When I was very small, up to the age of three or four, I was very fond of the color red. I would ask my parents to buy red things for me. I would insist that everything I wear, carry, be red. I wore a red hat, carried a red basket, etc.
Then, at a certain time, I realized with a cognitive shock that red was meant to be the color for girls in the cultural context. I was very ashamed and abandoned my color preference.
When I went to the kindergarden, at the age of 5, there was a choice between normal milk and coffee flavored milk at lunch time. Parents would make the kids bring either a white bag or a red bag, with some small coins in it, to indicate the choice. I very much liked the coffee flavored milk. However, my mother, probably caring for my health, did not allow it. I would always bring the white bag, and have normal milk. I envied my friends who brought the red bags and enjoyed the coffee flavored variety.

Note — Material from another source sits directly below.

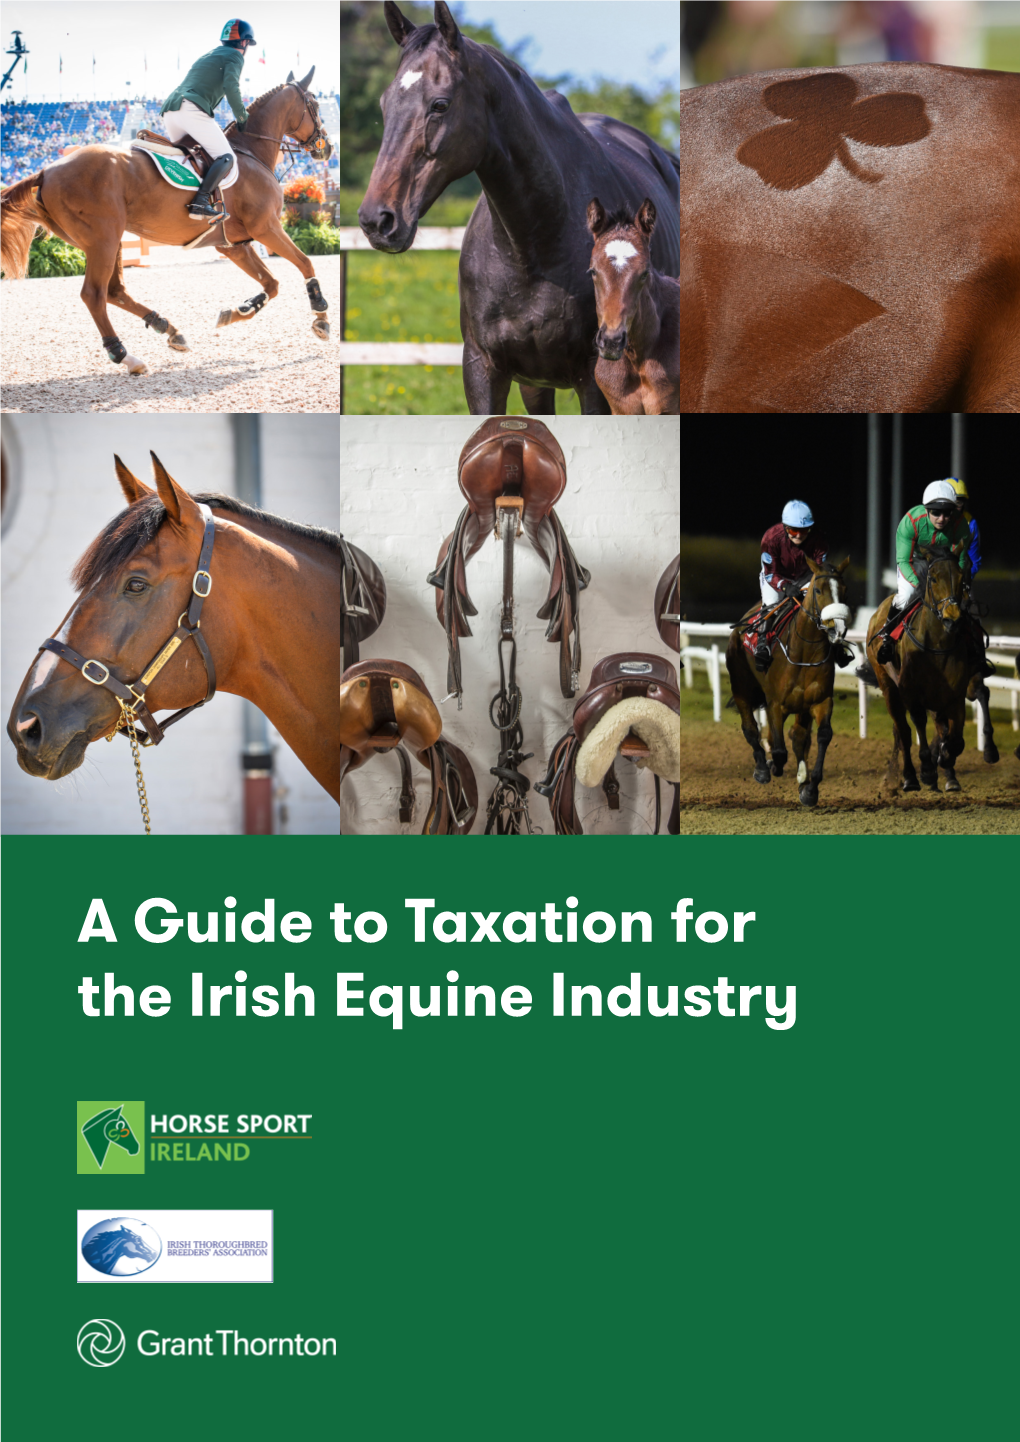 A Guide to Taxation for the Irish Equine Industry

As I remember these things in the past, the significance changes like a living and trembling water. The past is not fixed. It transfigures in its significance as one looks back, constantly rewritten and relived, metamorphoses leading to fresh insights and reincarnations. One can experience life many times over, discovering meanings and joys, by reflecting on one's own past, smiling and crying.
Through self-referential ponderings, red has entered into the sacred shrine of my soul. When I see a rose, an apple, the setting sun, reverberations enrich and shake the tiny remembrance stone in my core.